Scratch Org Setup (External Client Apps)
{
"orgName": "ECA Development Org",
"edition": "Developer",
"features": [
"ExternalClientApps",
"ExtlClntAppSecretExposeCtl"
]
}
Common CLI Commands
# List Connected Apps in org
sf org list metadata --metadata-type ConnectedApp --target-org [alias]
# Retrieve Connected App
sf project retrieve start --metadata ConnectedApp:[AppName] --target-org [alias]
# Deploy
sf project deploy start --source-dir force-app/main/default/connectedApps --target-org [alias]
# Retrieve Consumer Key (after deployment)

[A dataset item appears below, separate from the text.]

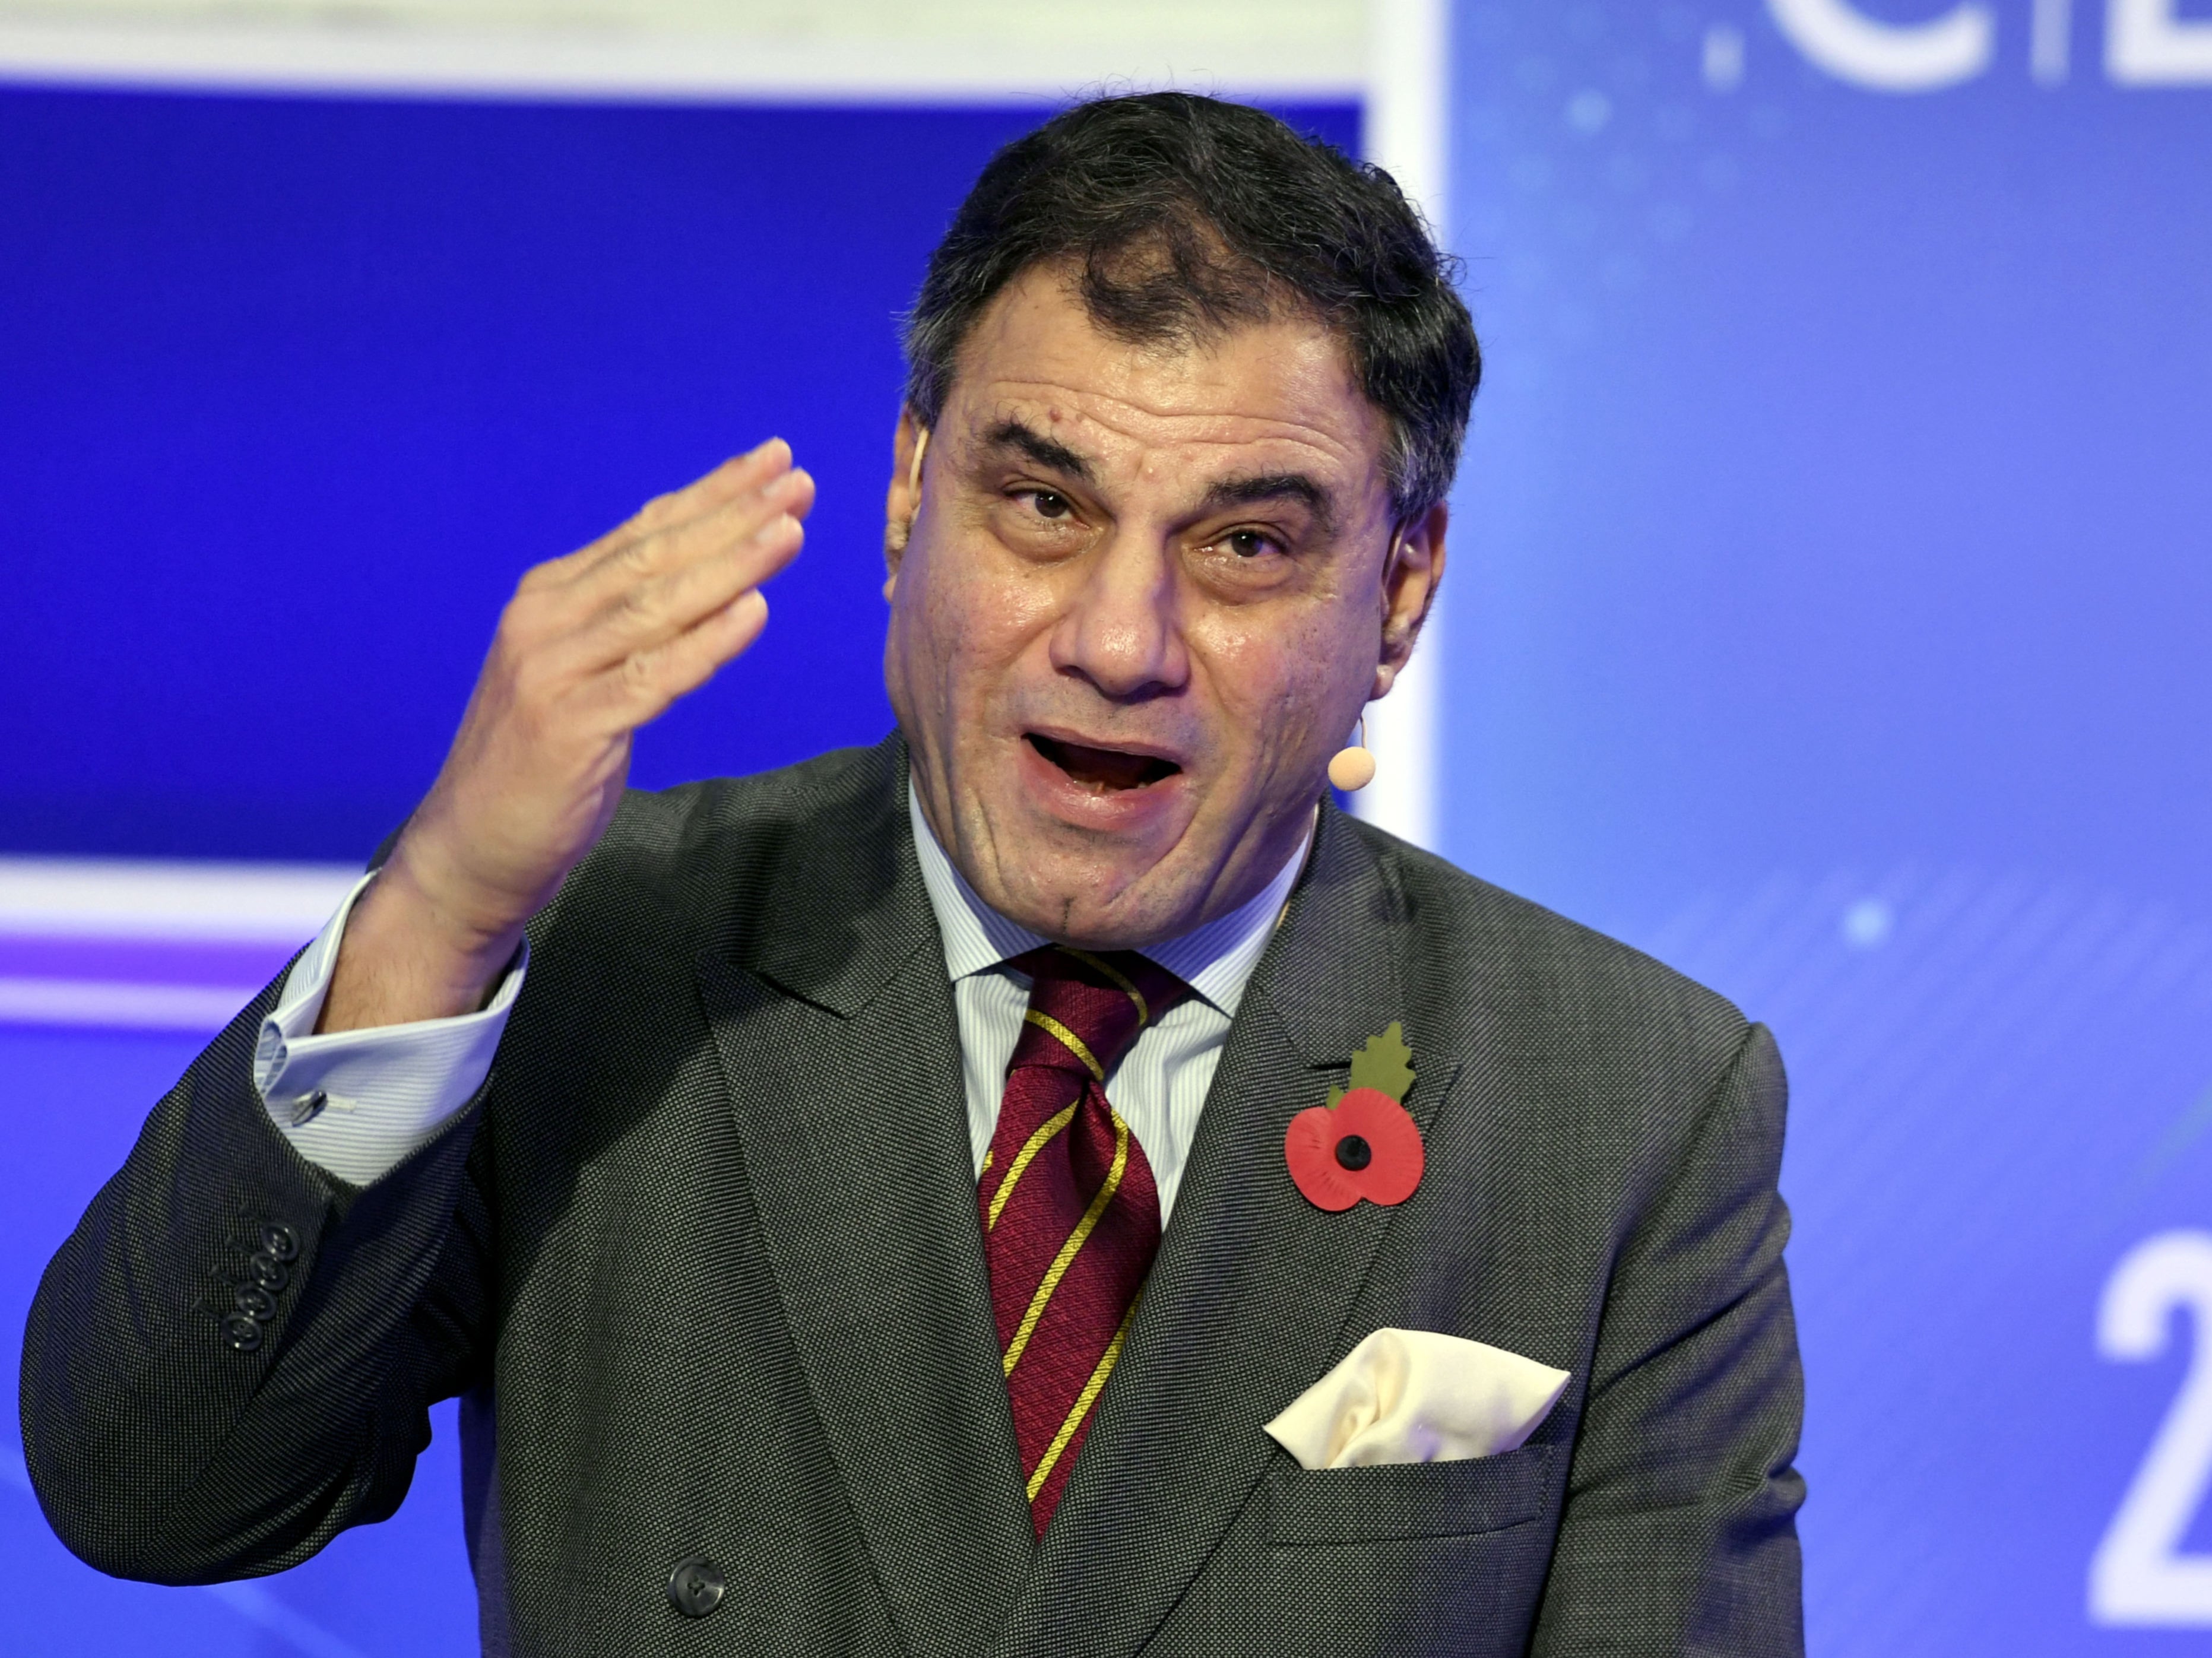 Karan Bilimoria says recruiting foreign students for higher education is essential

# Go to Setup > App Manager > [App] > View
Migration: Connected App → External Client App
Quick Steps:
- Assess:
Glob: **/*.connectedApp-meta.xml - Create: Map OAuth settings to ECA structure
- Parallel: Deploy ECA alongside old app
- Test: Verify flows with new Consumer Key
- Cutover: Update integrations, disable old app
- Archive: Remove after 30-day grace period
Scoring Benefit: ECAs typically score 15-20 points higher.
📘 Detailed migration: See docs/migration-guide.md for step-by-step process.
Cross-Skill Integration
| Skill | Use Case | Example |
|---|---|---|
| sf-metadata | Named Credentials for callouts | Skill(skill="sf-metadata") → "Create Named Credential" |
| sf-deploy | Deploy to org | Skill(skill="sf-deploy", args="Deploy to [org]") |
| sf-apex | OAuth token handling | Skill(skill="sf-apex") → "Create token refresh service" |
Key Insights
| Insight | Description | Reference |
|---|---|---|
| ECA vs Connected App | ECAs provide better secret management and 2GP packaging | Phase 2 Decision Matrix |
| PKCE for Public Clients | Always required for mobile/SPA apps | resources/oauth-flows-reference.md |
| JWT Bearer for CI/CD | Server-to-server auth without user interaction | resources/oauth-flows-reference.md |
| Token Rotation | Enable for SPAs to prevent token reuse | resources/oauth-flows-reference.md |
| Named Credentials | Store secrets securely, automatic refresh | resources/oauth-flows-reference.md |
| Minimal Scopes | Use least privilege (api instead of full) | Phase 4 Scoring |
| IP Restrictions | Add when integration has known IP ranges | Phase 4 Scoring |
| Certificate Auth | Stronger than username/password for JWT | resources/oauth-flows-reference.md |
Notes
- API Version: 62.0+ recommended, 61.0+ required for External Client Apps
- Scoring: Block deployment if score < 54 (54% threshold)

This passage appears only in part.